■ DATA EXCERPT:

# # #

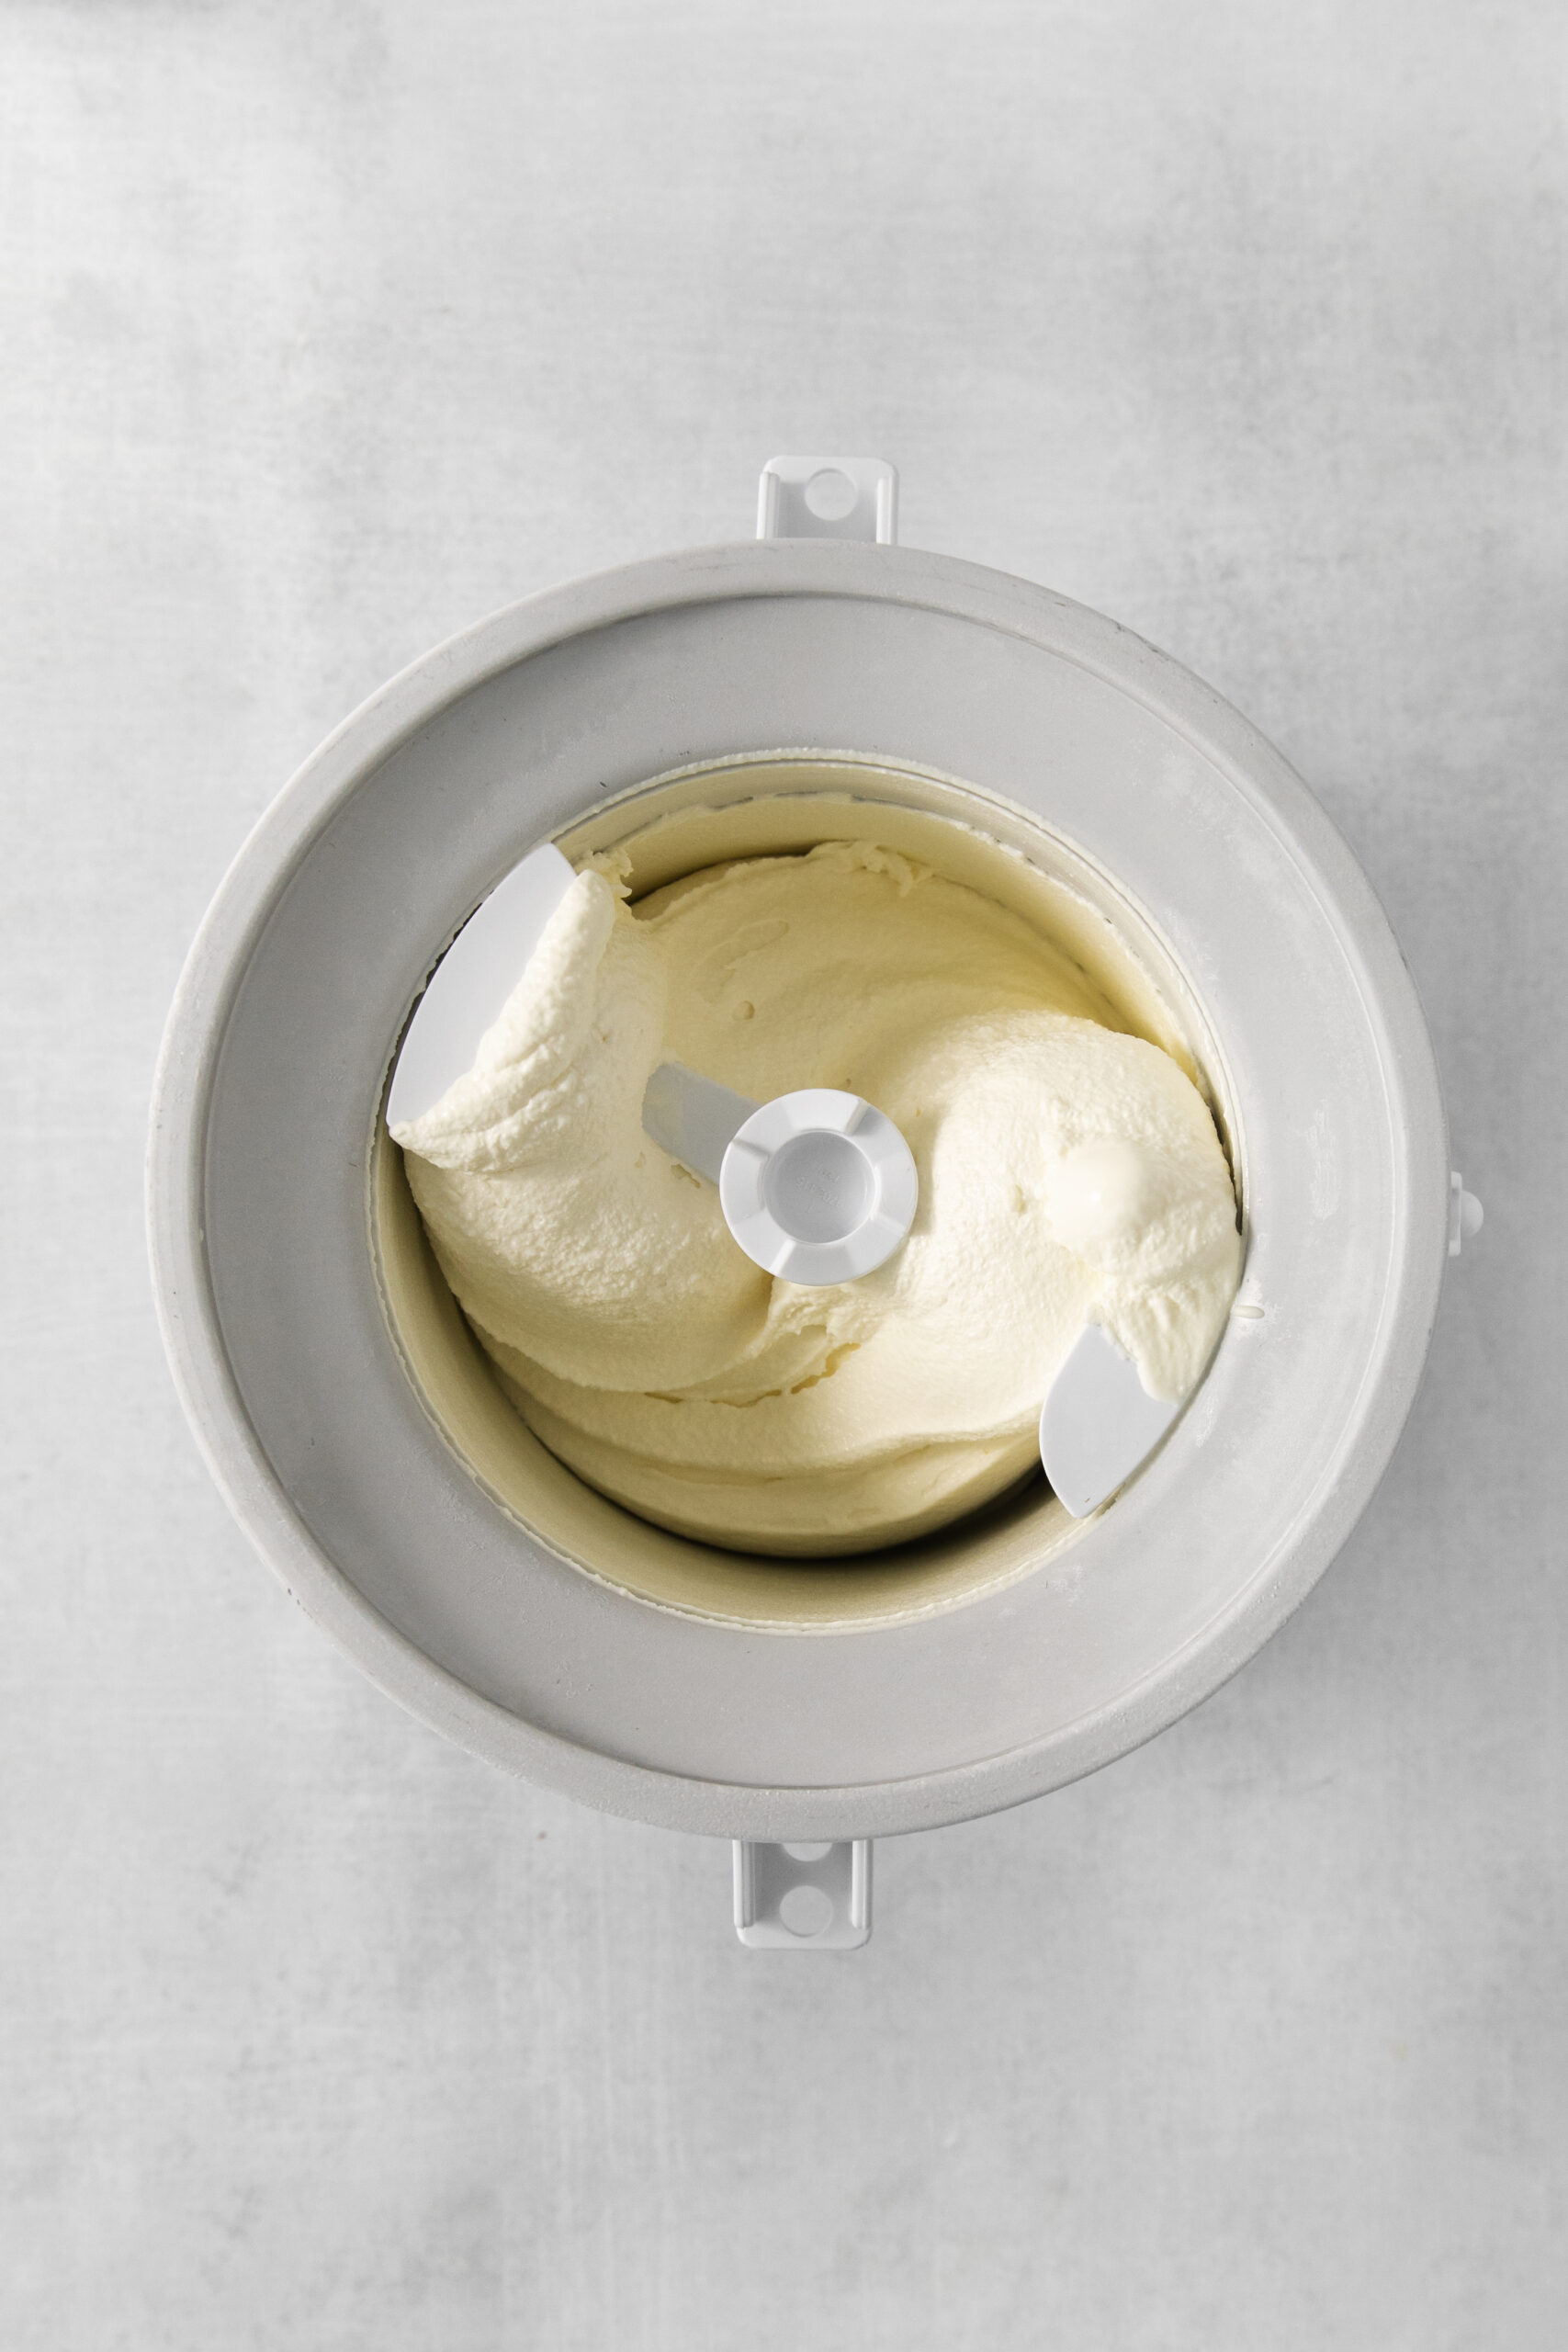 tiramisu ice cream mixture in a ice cream maker bowl
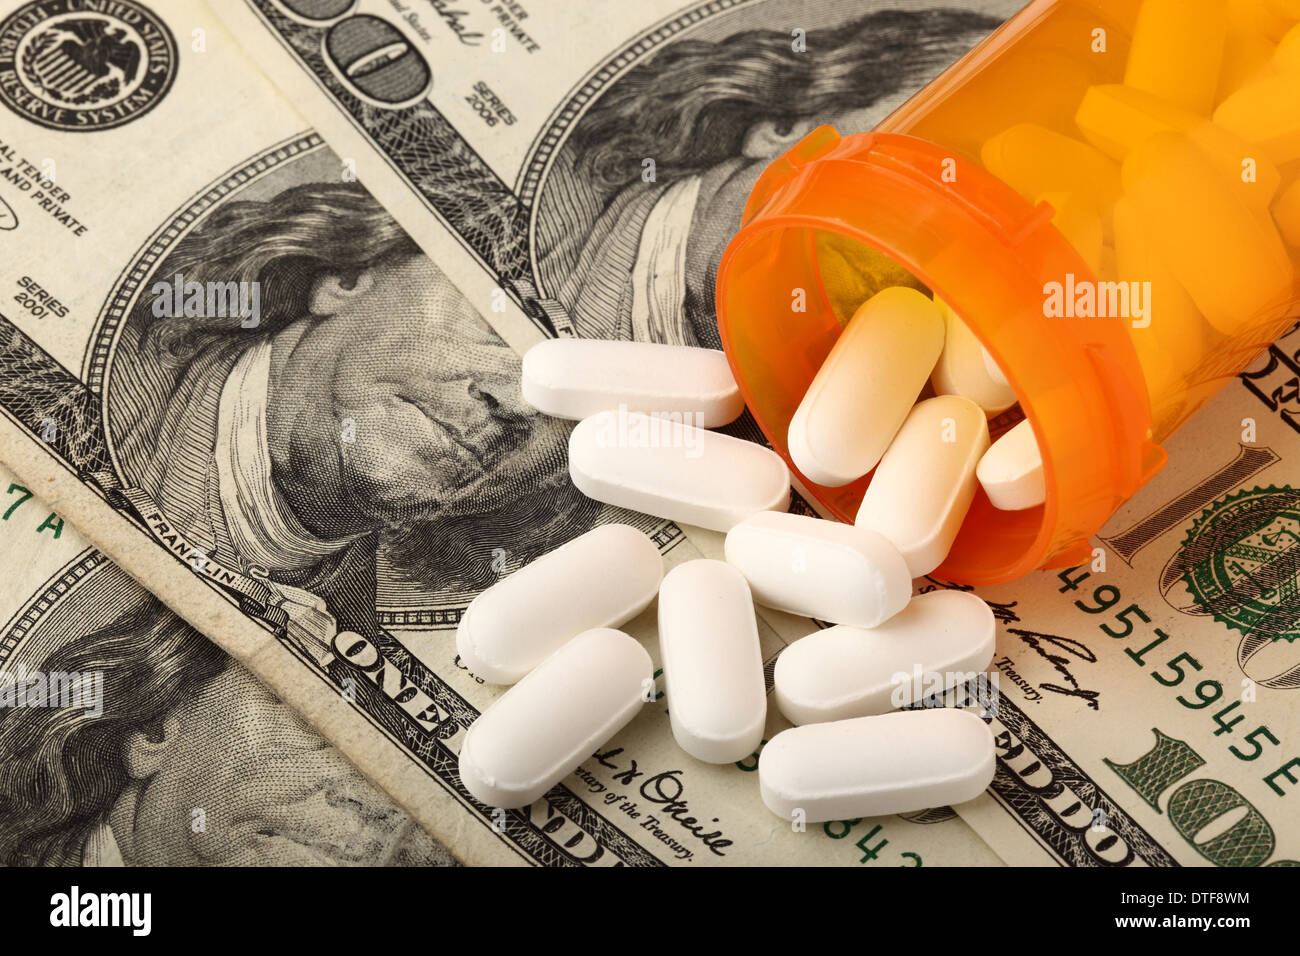 La prescrizione di farmaci con il dollaro USA per indicare la medicina è molto costoso Foto Stock
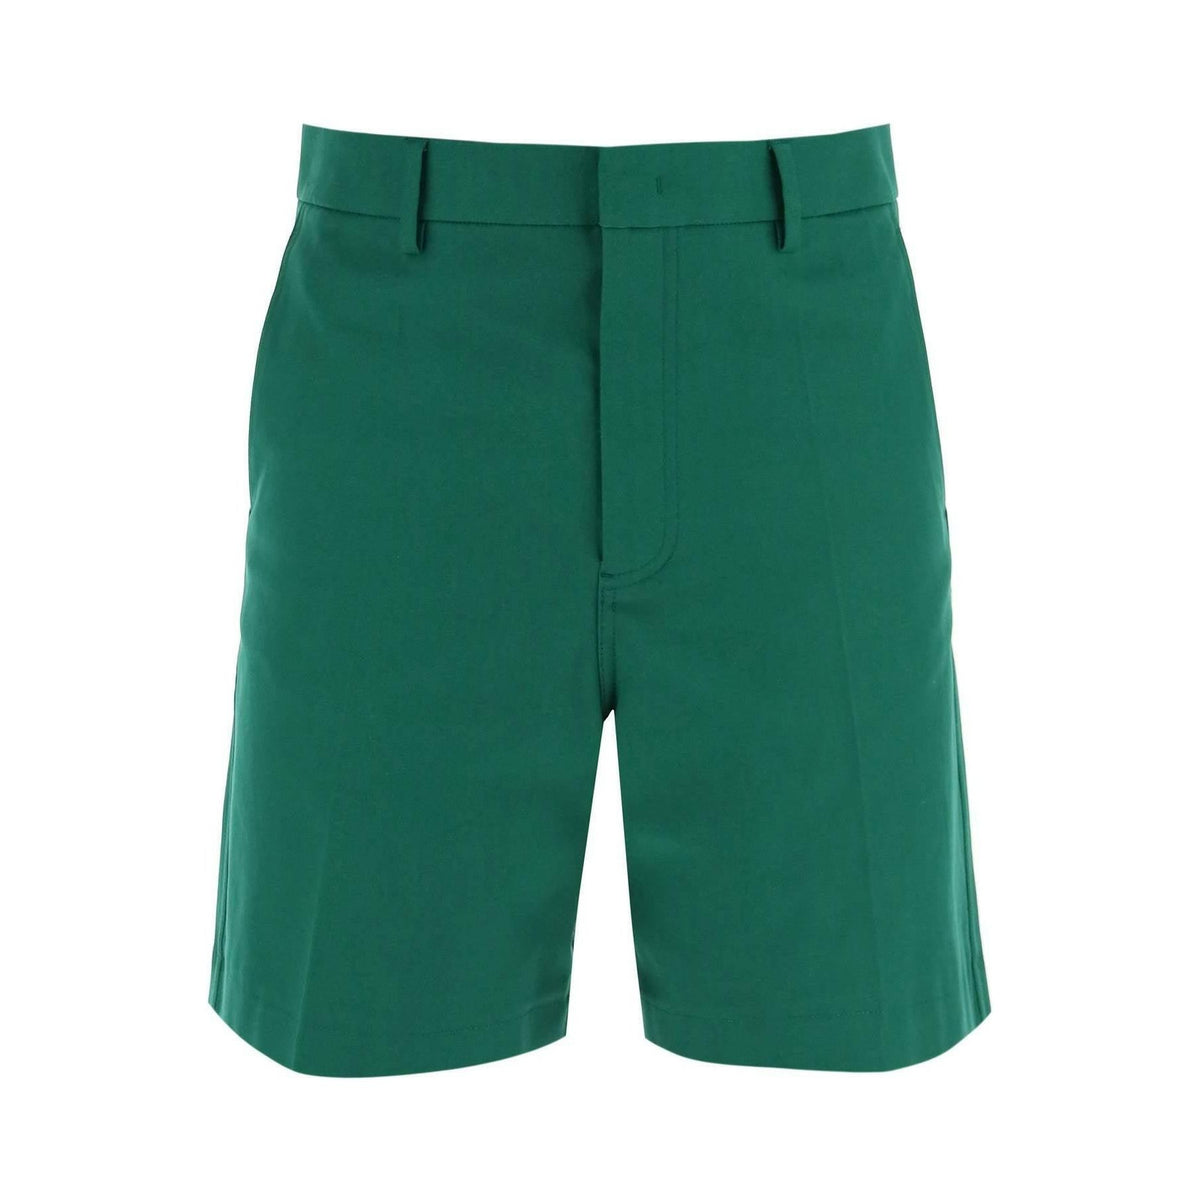 Basic Green Stretch Cotton Canvas Shorts VALENTINO GARAVANI JOHN JULIA.

# # #

■ HOW TO COMPLETE THIS TASK:
Please reproduce verbatim the lines from the line with "La prescrizione di" through the final line of the listing, inclusive of both ends. Omit all pictures.

■ EXPECTED OUTPUT:
 La prescrizione di farmaci con il dollaro USA per indicare la medicina è molto costoso Foto Stock
 Basic Green Stretch Cotton Canvas Shorts VALENTINO GARAVANI JOHN JULIA.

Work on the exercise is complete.